Executive Order: Enhancing Public Safety in the Interior of the United States


Section 1. Purpose. Interior enforcement of our Nation's immigration laws is critically important to the national security and public safety of the United States. Many aliens who illegally enter the United States and those who overstay or otherwise violate the terms of their visas present a significant threat to national security and public safety. This is particularly so for aliens who engage in criminal conduct in the United States.

Sanctuary jurisdictions across the United States willfully violate Federal law in an attempt to shield aliens from removal from the United States. These jurisdictions have caused immeasurable harm to the American people and to the very fabric of our Republic.

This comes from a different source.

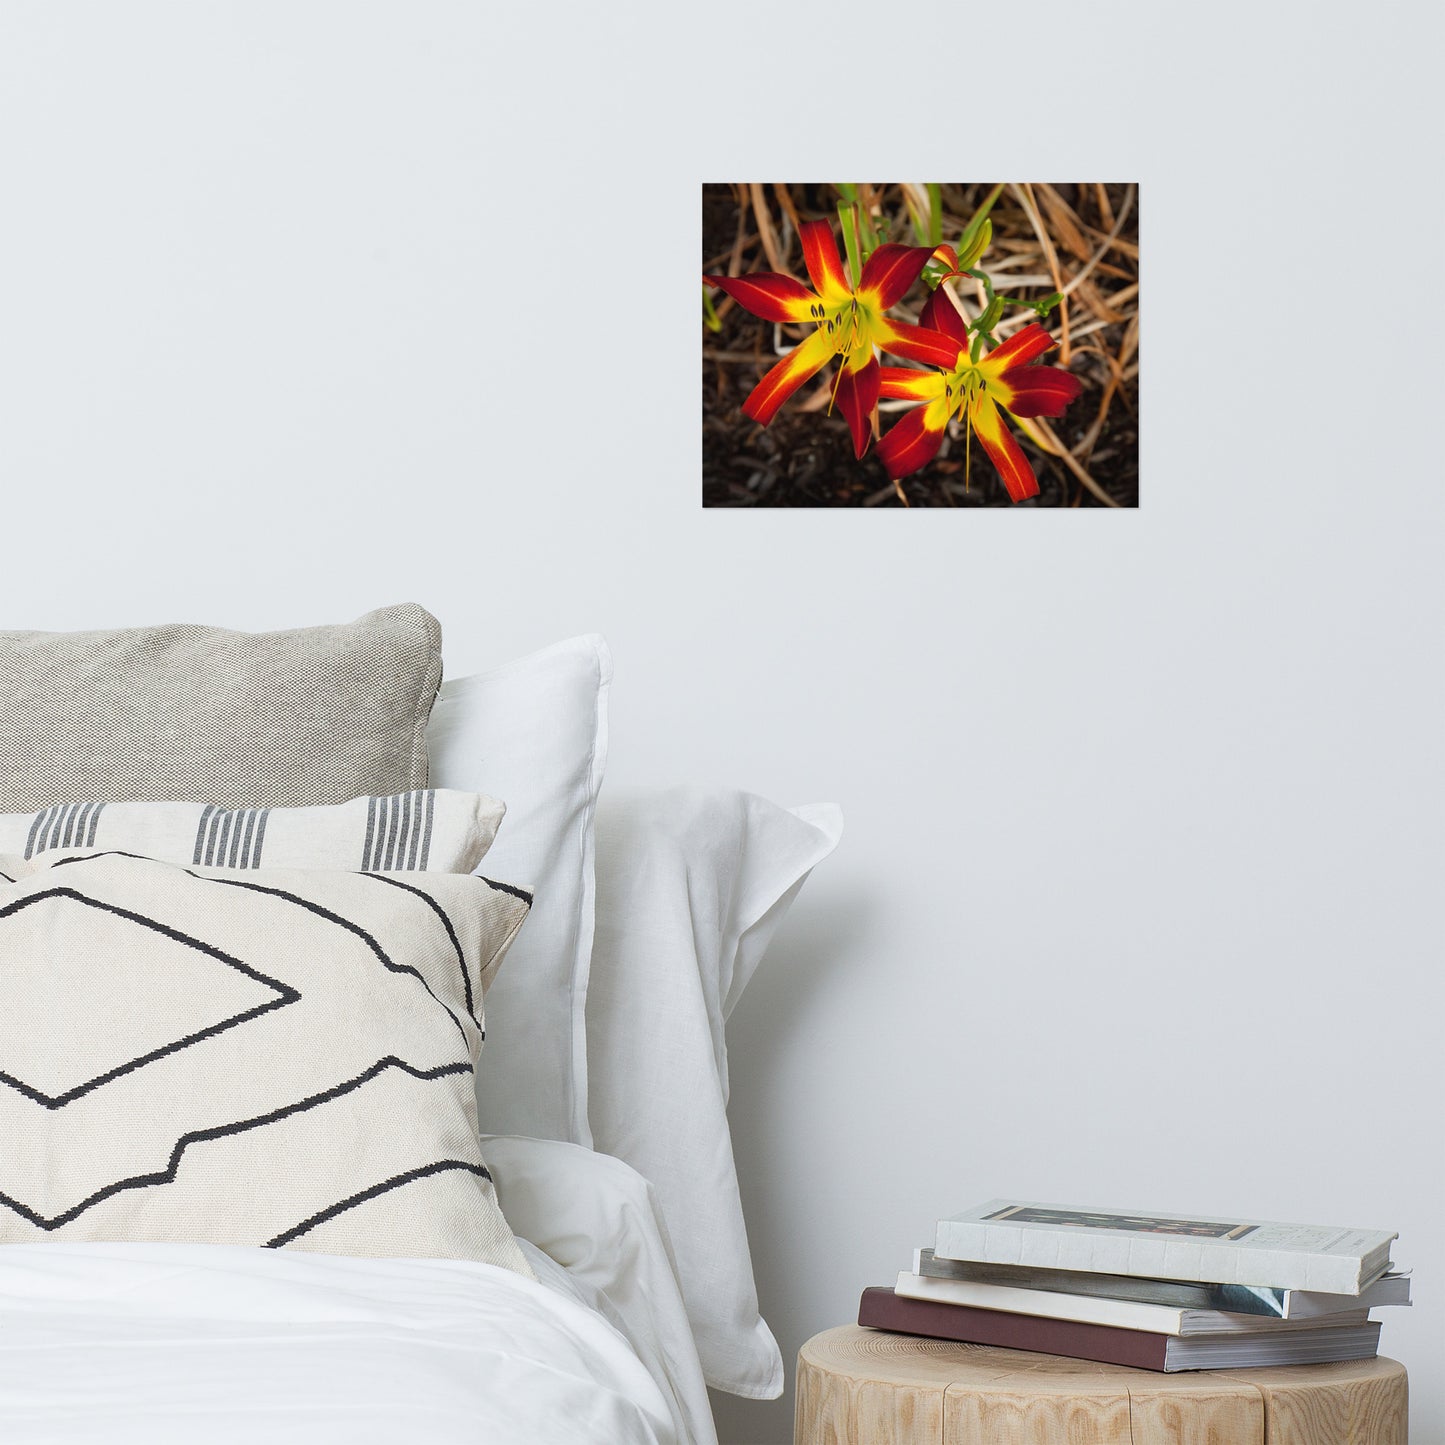 Royal Sunset Lily Floral Nature Photo Loose Unframed Wall Art Prints

This was hardly a surprising move considering the nature of candidate Trump's rhetoric about Mexican rapists and his repeated invocation of Kate Steinle. Fear is perhaps the most effective, hence popular, method of manipulating the masses. From what I've observed, it seems to that when it comes to choosing a boogeyman, right-wingers favor non-whites and non-Christians (or here in the US, particularly in the past, non-Protestants) whereas Leftist employ... well... right-wingers. In either case, the name of the game is to generate fear, distrust and outrage by using the most egregious examples from among the boogeymen.

Nothing gets results quite like a manufactured crisis and for reactionaries, it's the specter of invasive hordes of rapists that really get the juices flowing. Of course, it's not enough to simply foment a sort of hysteria — to be truly effective, the manipulator must also show an ability to remove the source of the anxiety — to resolve the crisis. (or at least be seen as the only one attempting to fight the "crisis")

On February 6th, less than two weeks after Trump signed the EO, federal agents conducted a week-long series of immigration enforcement raids. It seems readily apparent that the EO and subsequent raids were designed to show that the new President was making good on campaign promises. That's what incoming administrations do after all.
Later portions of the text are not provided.